La Bundesbank ha comunque promesso che durante i prossimi 3 anni verranno portati a casa 150 tonnellate di oro. Visto la restia degli Stati Uniti si può presumere che toccherà a francesi e inglesi di svuotare le proprie tasche per soddisfare la richiesta dalla Germania.

E che dire che parte dell’oro italiano si trova alla BIS che non mi risulta sia la banca centrale Svizzera, ma viene presentata da Angela come se lo fosse?  Sta proprio nel nome della banca di usare l’oro per i loro regolamenti internazionali.

Ovviamente il youtubino del documentario Rai1 non ci svela quanto oro fisico si trova entro i confini nazionali italiani:

Ma quanto oro c’è esattamente dentro la sagrestia, qual è il suo valore? Beh, è impossibile riuscire a dare una cifra esatta, e sarebbe sbagliato.

Sarebbe sbagliato perché trasparenza mai, guai. E poi non è mica del popolo italiano questo oro. È di proprietà delle maggiori banche italiane azionisti della Bankitalia.

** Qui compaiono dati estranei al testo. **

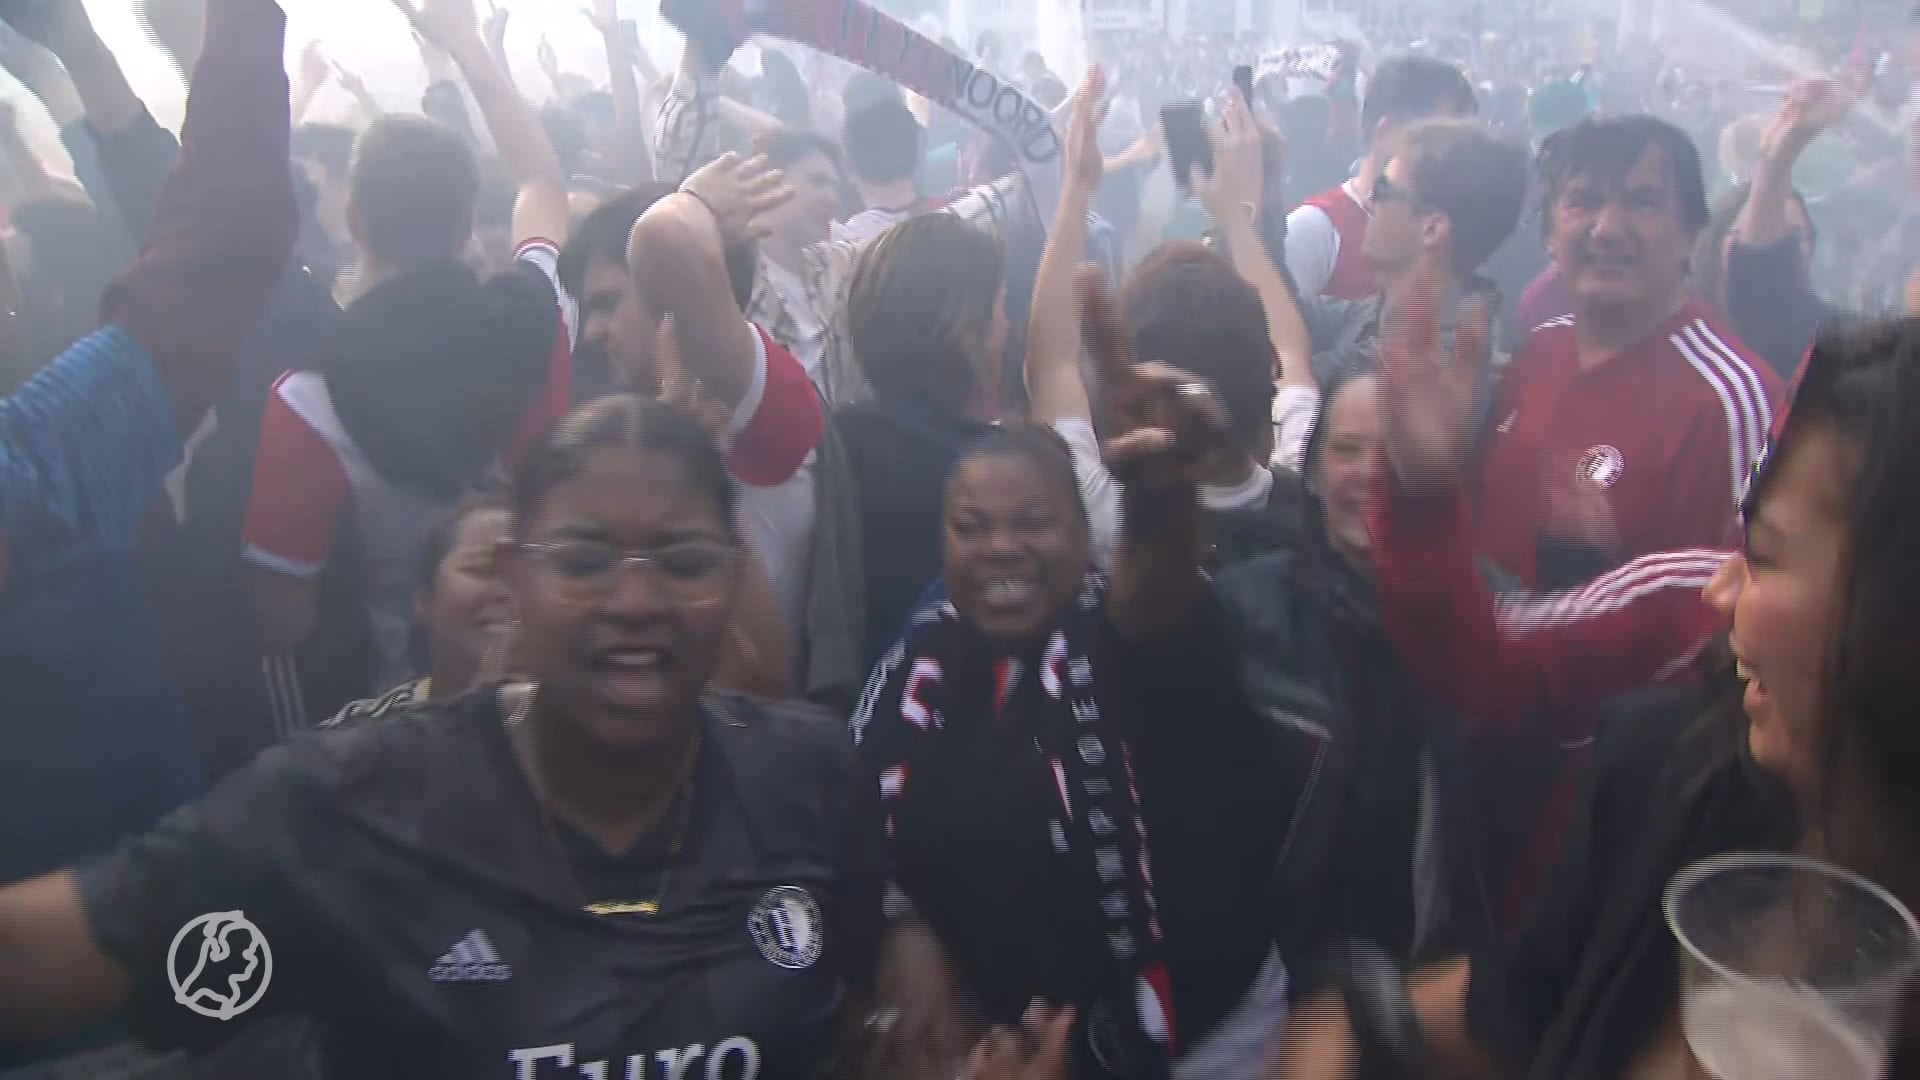 Honderden Feyenoordfans springen in de fontein na overwinning

Angela continua però dicendo che il bilancio dell’oro fisico custodito in Italia alla fine del 2005 era di oltre 20 miliardi di euro. Ma secondo la banca in dicembre 2005 il valore dell’oro e crediti in oro era di 34,3 miliardi di euro. La Banca d’Italia possedeva quindi 7 anni fa neanche il 60% del proprio oro. 

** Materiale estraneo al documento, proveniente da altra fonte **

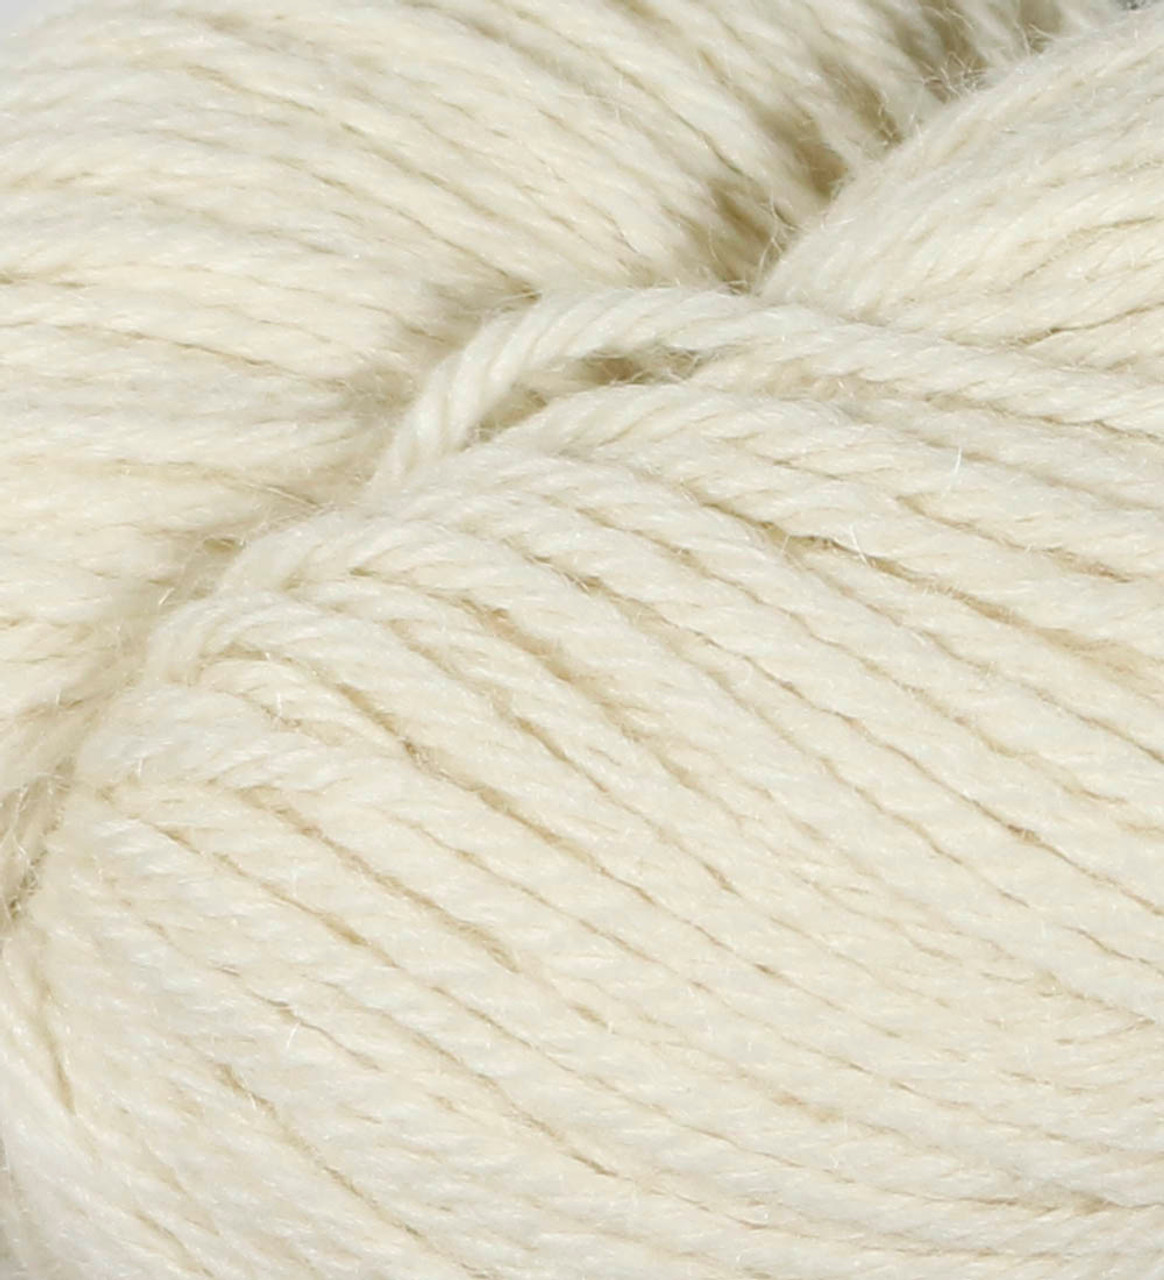 Undyed organic knitting wool hank - Eden Valley Biodynamic Wool

Perché l’oro lo possiede chi lo tiene fisicamente. Oro è moneta, altrimenti la Banca d’Italia e tutte le altre banche nazionali non si sarebbero mai preoccupate tanto. Se poi le mie monete si trovano nel portafoglio di un’altra persona, che non me le fa guardare, figuriamoci toccare, quelle monete sono mie solo se la mia bomba atomica è più grande della sua.

Anche due parlamentari italiani trovano inquietante la situazione della riserva ed è in corso da gennaio 2012 una INTERROGAZIONE A RISPOSTA SCRITTA per sapere chi esattamente è il proprietario, e quando e perché è stata presa la decisione di spostare l’oro all’estero e se ancora sta nell’interesse dell’Italia tenerlo lontano.

Attendiamo. Purtroppo questi due sottoscrittori fanno molto meno rumore del loro collega tedesco che qualche risultato l’ha ottenuto.